Bu uçuş emrinin Eskişehir'in hemen yanındaki Muttalip Meydanında bulunan 1 nci Uçak Bölüğü Komutanının eline varmasından 40 dakika içinde Pilot Vecihi Hürkuş idaresinde bir av uçağı görev uçuşuna kalkmıştır. Yenişehir - Bilecik ve İnegöl - Pazarcık yollarında yürüyüş halinde bulunan düşman kuvvetleri keşfedilmiş ve aynı zamanda düşman kıta topluluklarına bomba ve makineli tüfekle taarruz edilmiştir.

24 Mart 1921 günü aynı yollar üzerinde keşif uçuşu tekrarlanmıştır.

25 Mart 1921 günü 2 düşman uçağının Eskişehir'e doğru gelmekte olduğu haberi alınmış ve bu uçaklara karşı, Pilot Vecihi Hürkuş uçmuşsa da motorda ortaya çıkan bir arızadan dolayı meydana geri dönmüştür. Arıza giderilerek uçak tekrar faal hale getirilmiştir. Bölüğe İstanbul'dan kaçarak henüz gelmiş bulunan Üsteğmen Fehmi bu uçakla uçmak istemiş, meydandan kalkar kalkmaz motor yeniden arızalanmış, meydana inmek üzere çok alçak irtifadan yaptığı dönüş esnasında uçak perdövites olup düşmüş ve pilot Üsteğmen Fehmi şehit olmuştur.

26 Mart 1921 günü bölükte faal uçak olmadığından cephe uçuşu yapılamamıştır.
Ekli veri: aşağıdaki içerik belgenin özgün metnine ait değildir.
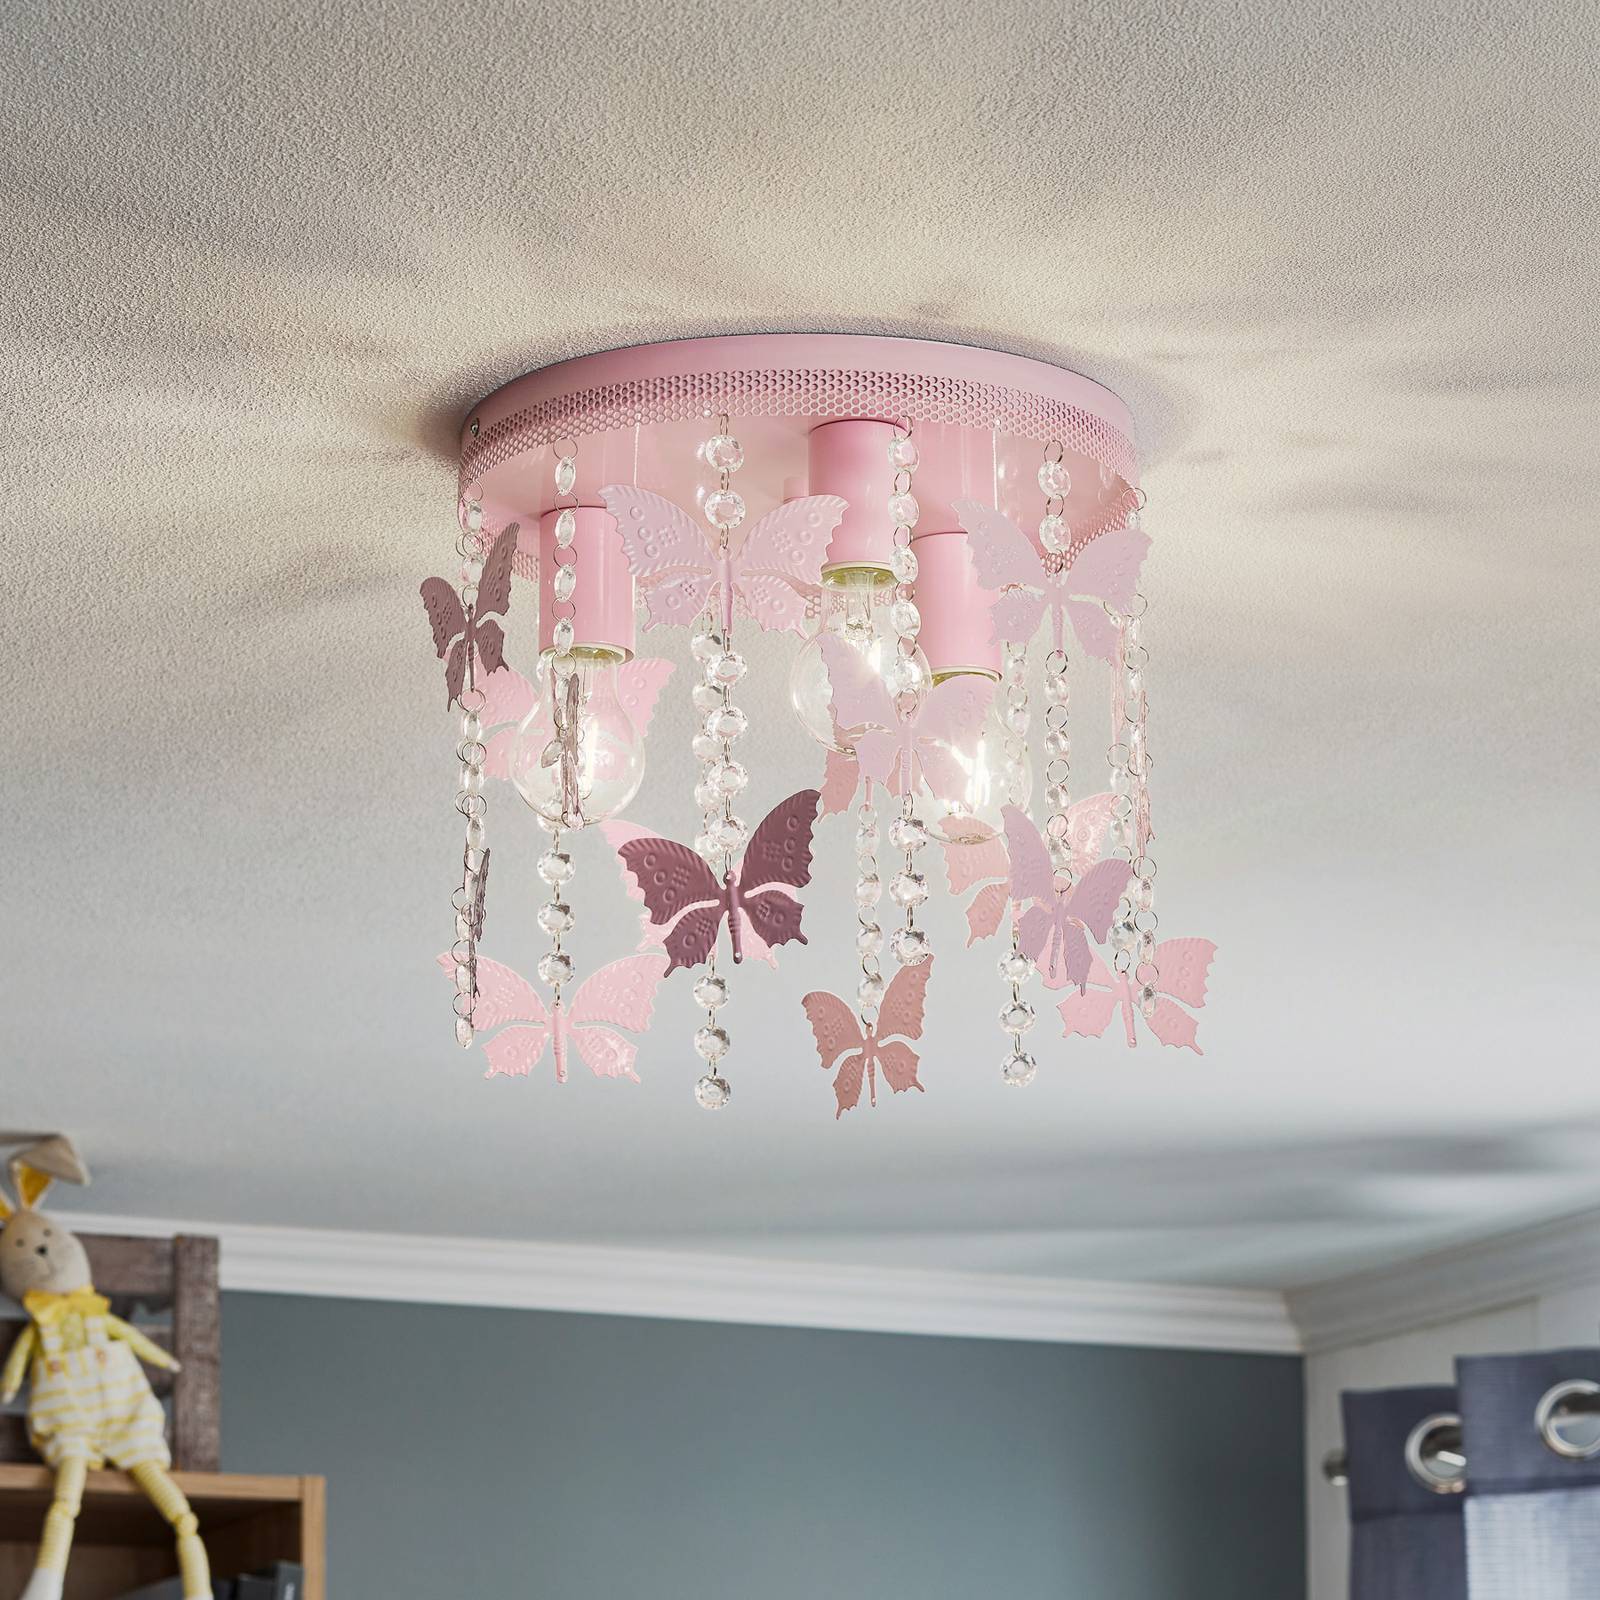 Image of Eko-Light Plafoniera Angelica in rosa con farfalle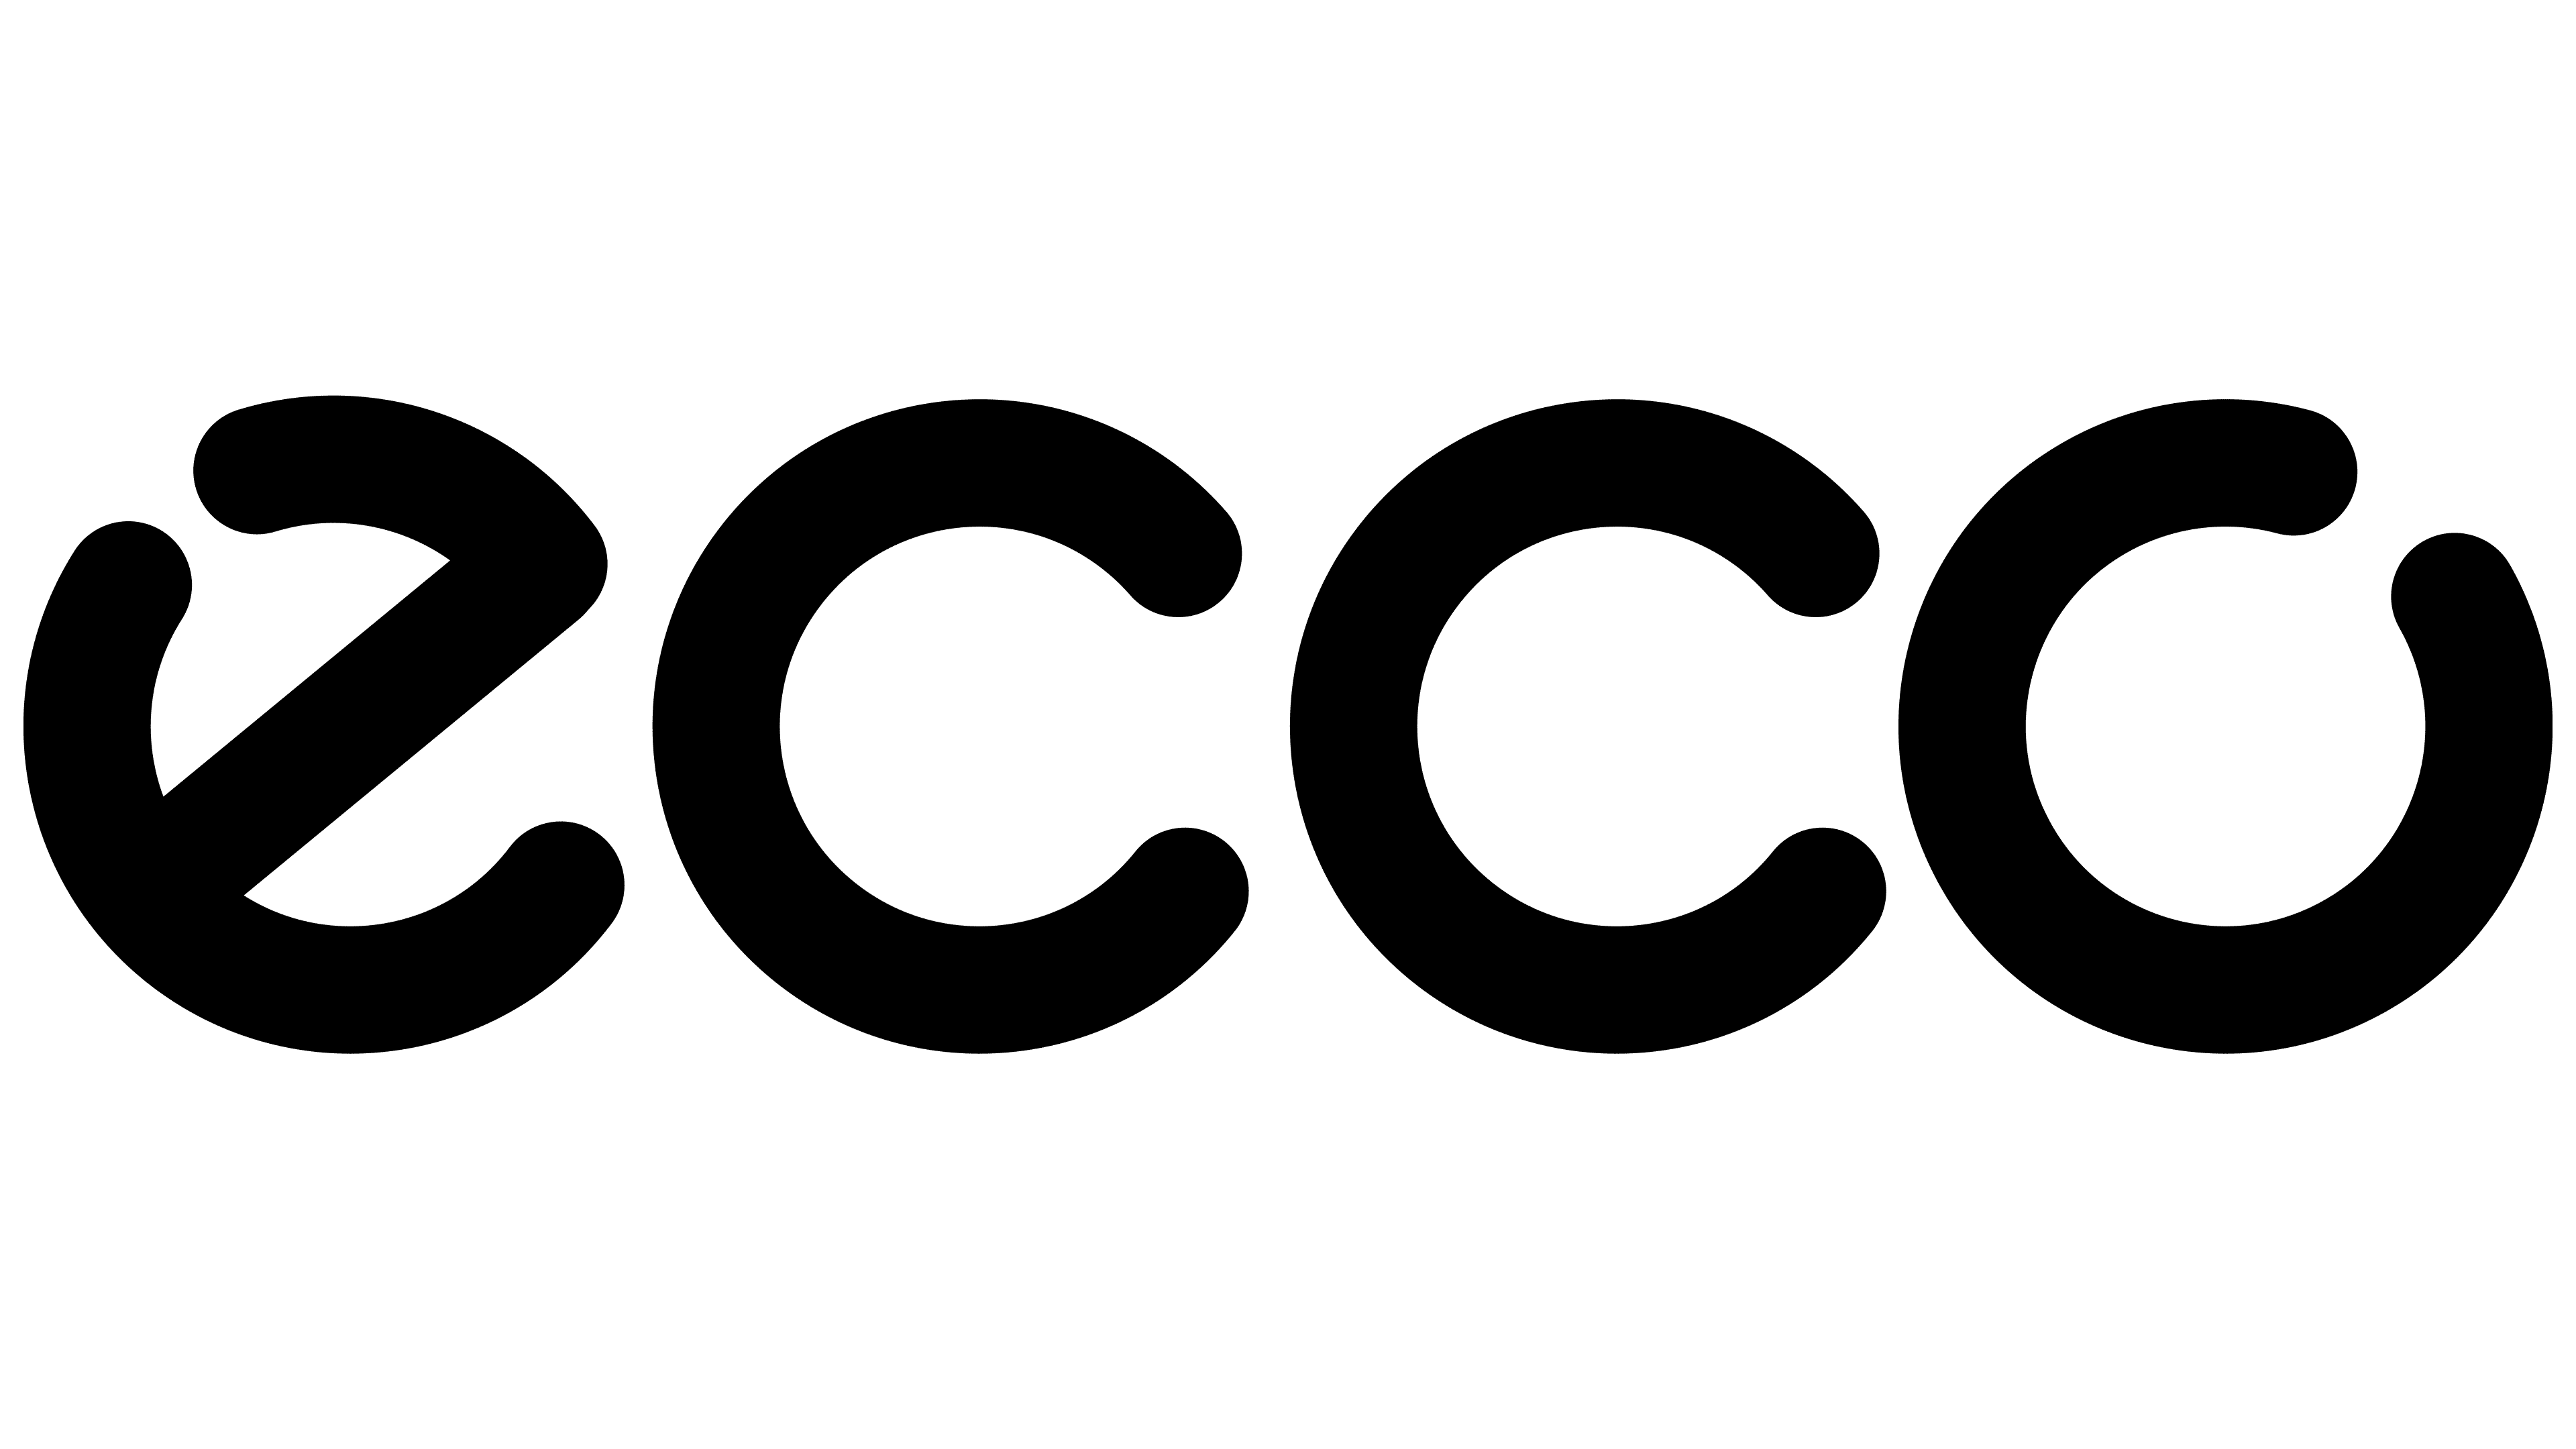 ECCO Logo, symbol, meaning, history,

27 Mart 1921 günü Pilot Vecihi Hürkuş av uçağı ile Söğüt istikametinde keşif uçuşu yapmış, Söğüt'ün kuzey bölgesinde iki taburluk ve güneyindeki bir alaylık piyade ordugahına ve yollar üzerindeki yürüyüş kollarına bomba ve makineli tüfekle taarruz etmiştir.

28 Mart 1921 günü saat 10.00'da Pilot Vecihi Hürkuş yaptığı keşifte, Söğüt'ün 1 kilometre kuzeyinde iki taburluk çadırlı ordugah ve Söğüt'ün 1 kilometre güneyinde yol kenarında ağaçlar arasında gizlenmiş bir taburluk yürüyüş kolu ile bunun 1 kilometre kuzeyinde bir alay tahmin edilen çadırlı ordugah tespit etmiş ve bunlara bomba ve makineli tüfekle taarruz etmiştir.

29, 30 ve 31 Mart günleri keşif uçuşlarına devam edilerek düşmanın durumu adım adım takip edilmiştir.

31 Mart 1921 günü öğleden sonra saat 15.45'te Pilot Asteğmen Halil'in (Astsubay iken başarılı uçuşlar yaptığından asteğmenliğe terfi ettirilmiştir) yaptığı uçuşta İnönü ile Bozüyük arasında ve Bozüyük'ün içinde otomobil faaliyeti ve kasabayı henüz terk etmiş 50 kadar arabalı bir araç konvoyunun Karaköy istikametine gittiği, Söğüt yangınının devam etmekte olduğu, Söğüt'ün kuzeyinde istirahat halinde 30 - 35 araçlık bir konvoyun olduğu görülmüştür.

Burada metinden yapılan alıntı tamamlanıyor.